I don't want to have to give up my chair every time a man approaches out of duty. But its not just because I want the good chair as much as the man I give mine up to does. The physical work is exhausting. I don't carry a baby on my back while pulling water, I don't pound millet, I take vitamins every morning and am just 24 years old. Even so, I can feel the strain in my arms and back. But its not just the physical wear of being a Malian woman. I want to travel outside of my home without first having to obtain permission from my husband. I want to have a career. I don't want to worry about whether my husband will take another wife or whether I will give birth to a son.

When Aissa is happiest with me, she gives me the following blessing: May Allah give you a good husband, one who has money and does not bother you or beat you. I want to hope for more than that in my husband.

As I prepare to leave, I would like to say goodbye to my village comfortable in the knowledge that my friends and family here are living good, full lives, and that I can feel comfortable leaving to live my own good, full life. For the most part, I do believe those in my community are doing just fine. They are making money and love, working and playing, laughing and crying, eating and drinking. But what makes saying goodbye so hard is that I know that the life I will be returning to is full of opportunities many of my Malian friends would jump at, if only given the chance.

Its not just the opportunities I'll have, its the security my American family and life provide. Security is perhaps the biggest difference pushing its way between me and my Malian friends. Their lives are much more volatile than anything I have experienced, with little to fall back on. I had a reminder last week when I purchased four 100-kilo bags of rice to give to the four families who have kept me happy and fed over the past two years. Each bag cost about $70 and was loaded onto a small cart and sent to each family's house. How would you feel if someone gave you a 100-kilo bag of white rice? Adama couldn't believe the rice was for him and insisted that the boy who had brought the rice take it back and away to its true owner. Finally understanding it was meant for him, he spent the afternoon vrooming around on his moto, going too fast. Aissa couldn't stop looking at the huge sack, a smile breaking out on her face. And Banta -- she thanked Allah that she wouldn't have to worry where her next meal would come from this year.

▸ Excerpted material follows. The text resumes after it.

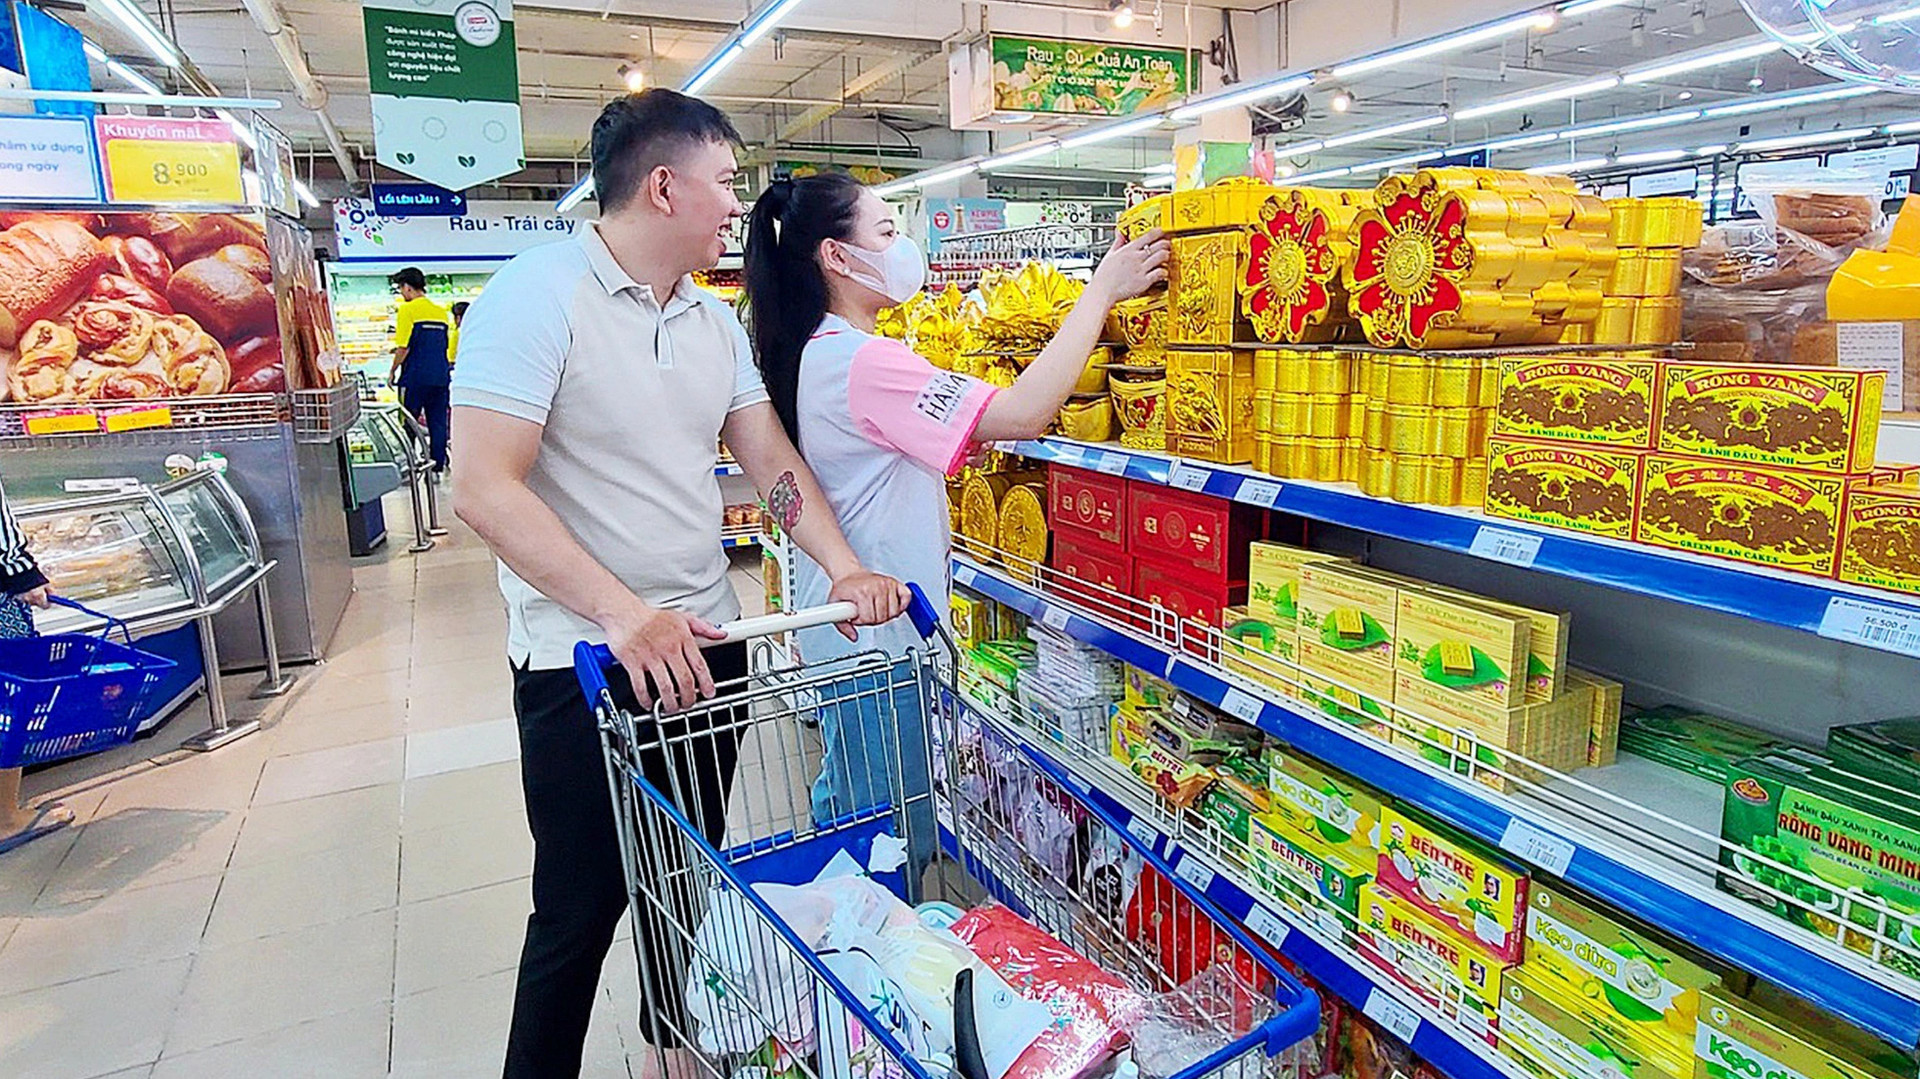 Hàng Tết đã được nhiều siêu thị đưa lên kệ với mức giá hấp dẫn nhưng chưa nhiều người tiêu dùng quan tâm - Ảnh: NHẬT XUÂN

It all comes back to this: I don't want to be the perfect Malian women. And if I don't want to be a Malian woman, then I know something is not right. Something is not fair. I will leave my village in a little less than a month sure that the lives my Malian friends and family are living are good, full lives. I will also leave knowing that they deserve much more.

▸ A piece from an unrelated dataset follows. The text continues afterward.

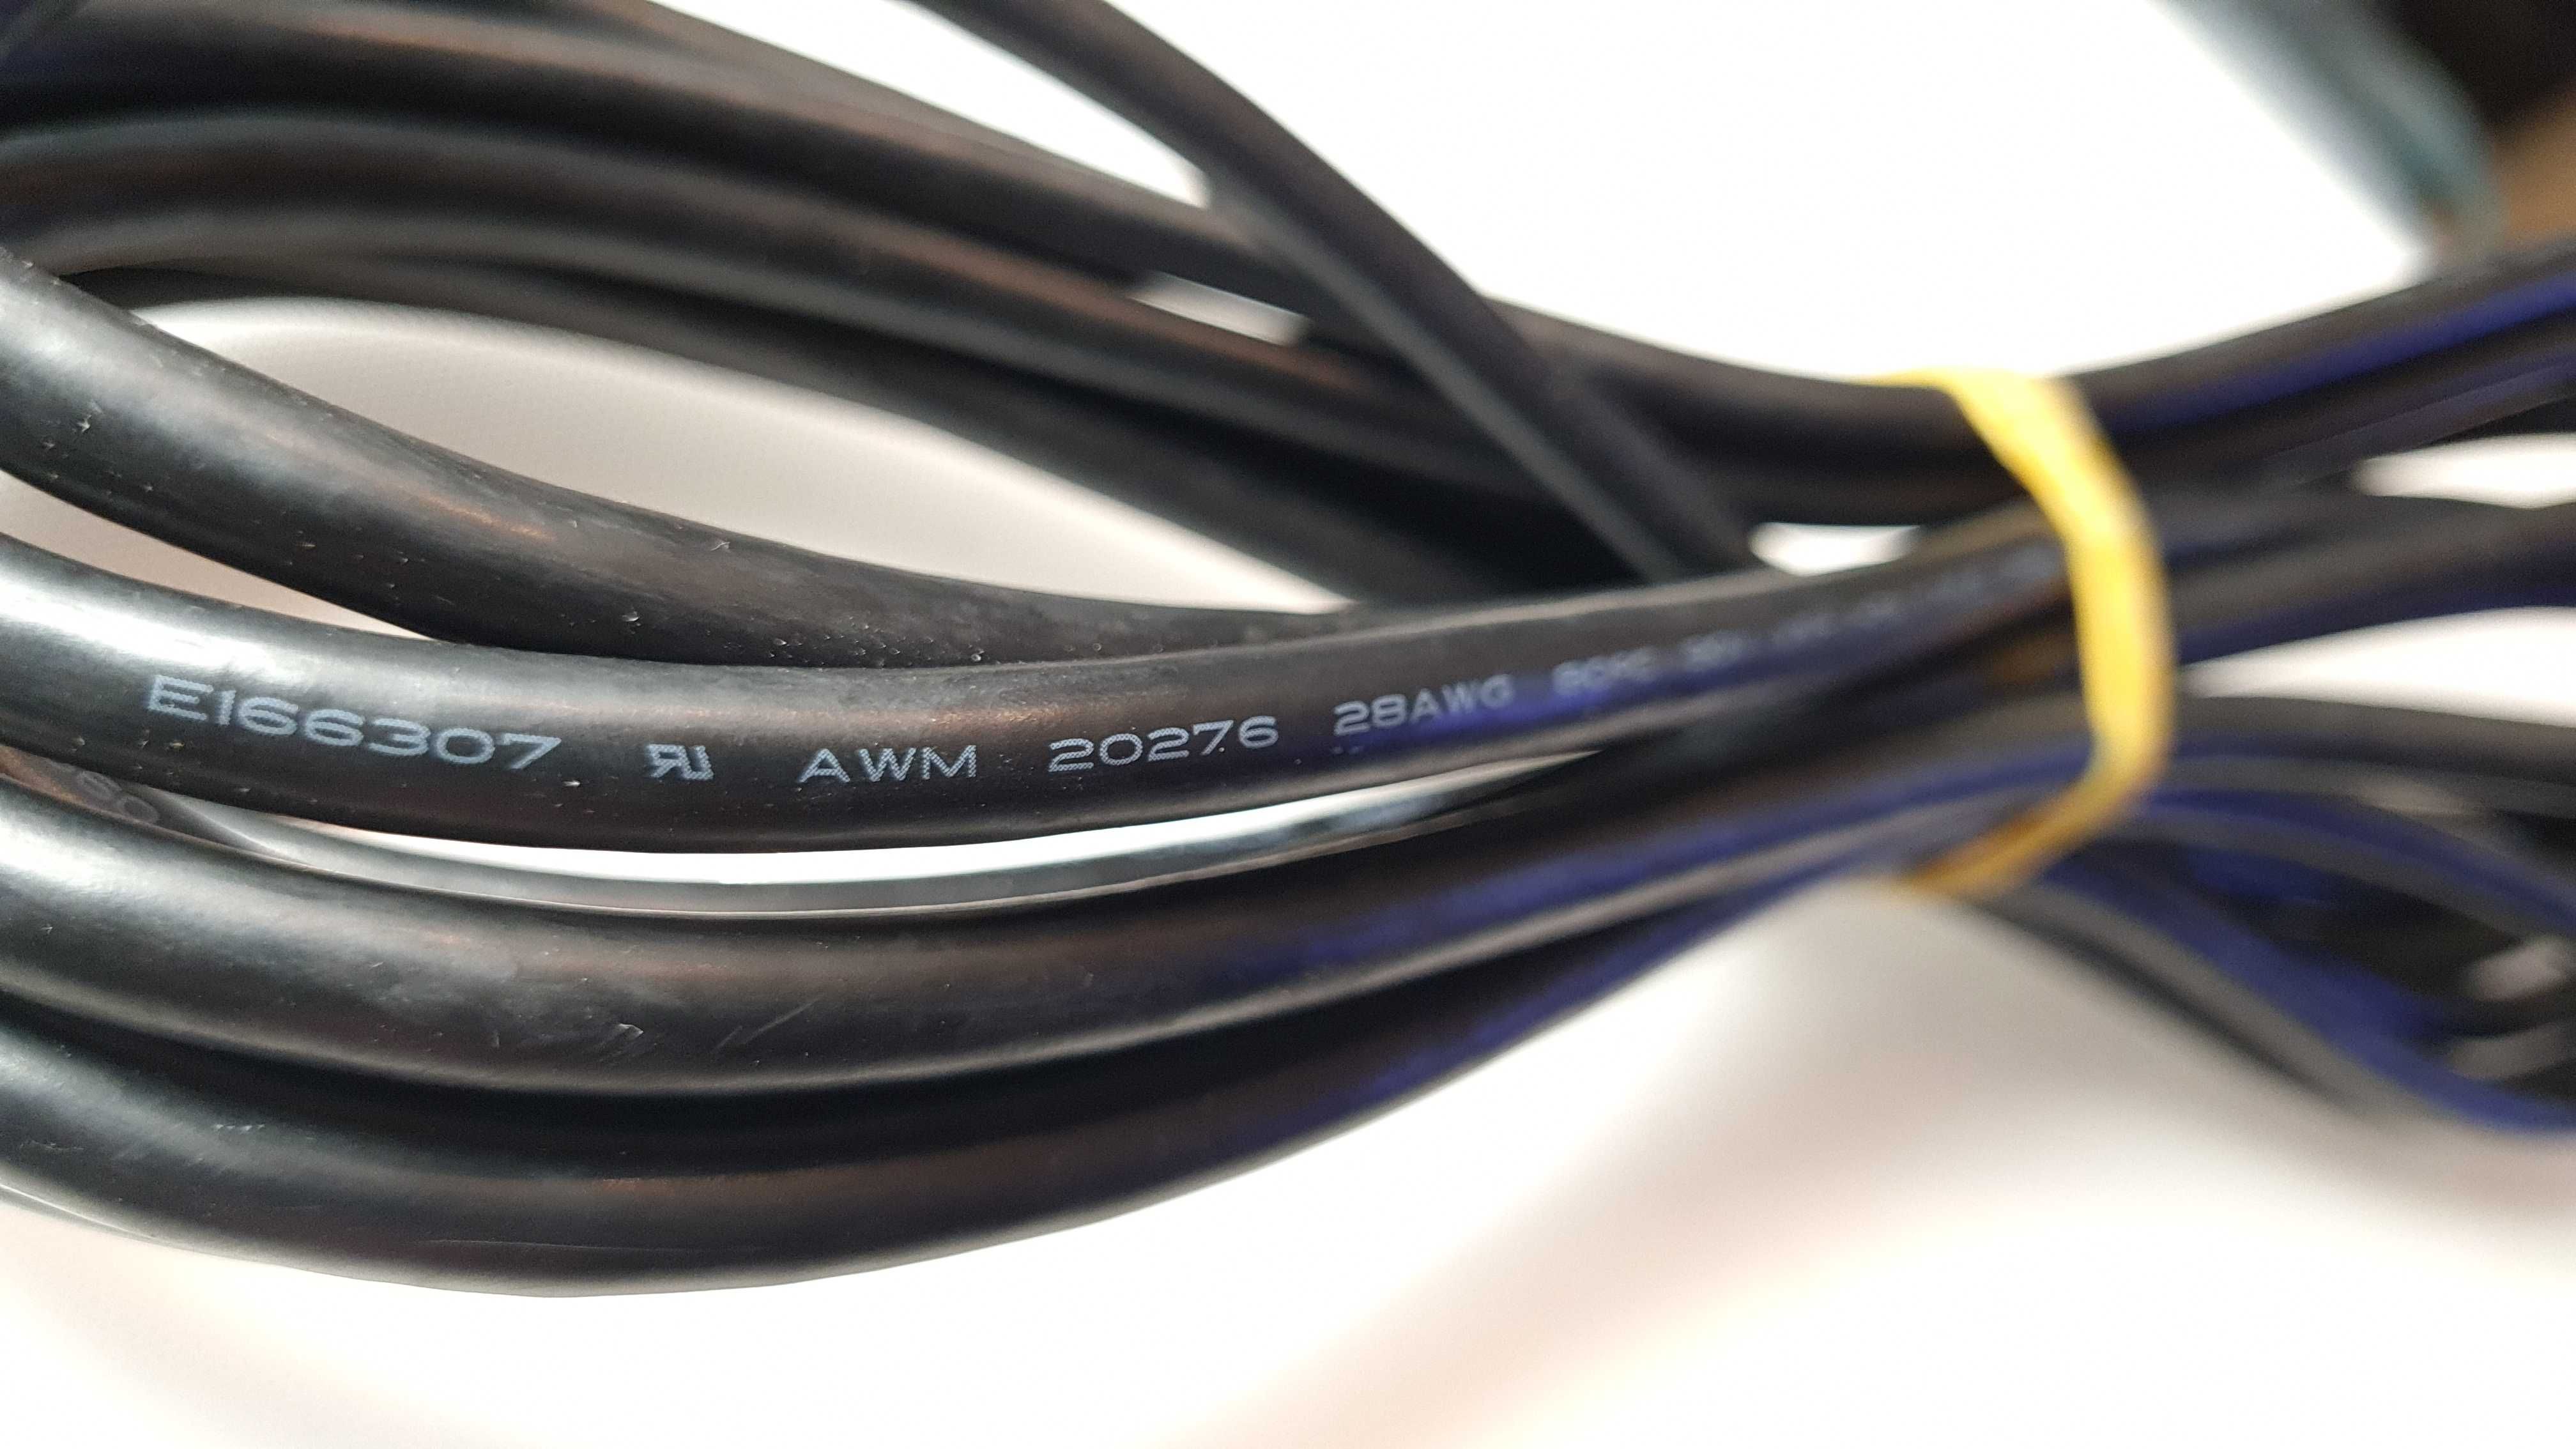 Kabel HDMI 5mb AWM Style 20276, E166307, 30V VW-1

Every evening, before it gets dark, I bike over to Aissa's and, after pulling her water, head out over the hill to the next village on a run. As I near the neighboring village, I run into three or four women. These women have spent the entire day, under the sun with no shade, bending over piling rock pebbles one after another into a pile that will be bought for construction work. Its back-breaking work, and everyday, it hurts my bones to see it. Yesterday, sweaty and tired after my run, I told Aissa about the pebble women and how it breaks my heart everyday to see them working so hard. She looked at me quizzically. They're making money, aren't they? she said.

I remember meeting a professor who travels yearly to Mali early on in my time here. He said he teaches an African studies class, and that every year, his students wonder if Africans are living simpler, happier, less complicated lives than Westerners. I was unsure how to respond to the professor when he asked for my opinion, but now the questions seems almost laughable. Lives are different here, but the stresses and joys people experience are the same. There is just as much gossip and stress, even if there is also more time to sit and drink tea. The Malian life in my village is not a simple one, as much as we might wish it was.

*Please remember that the sentiments in this blog are based on one experience in one village in Mali and do not represent the wealth and opportunities of many Malians (including women). After all, it always comes down to access to opportunity and wealth, doesn't it?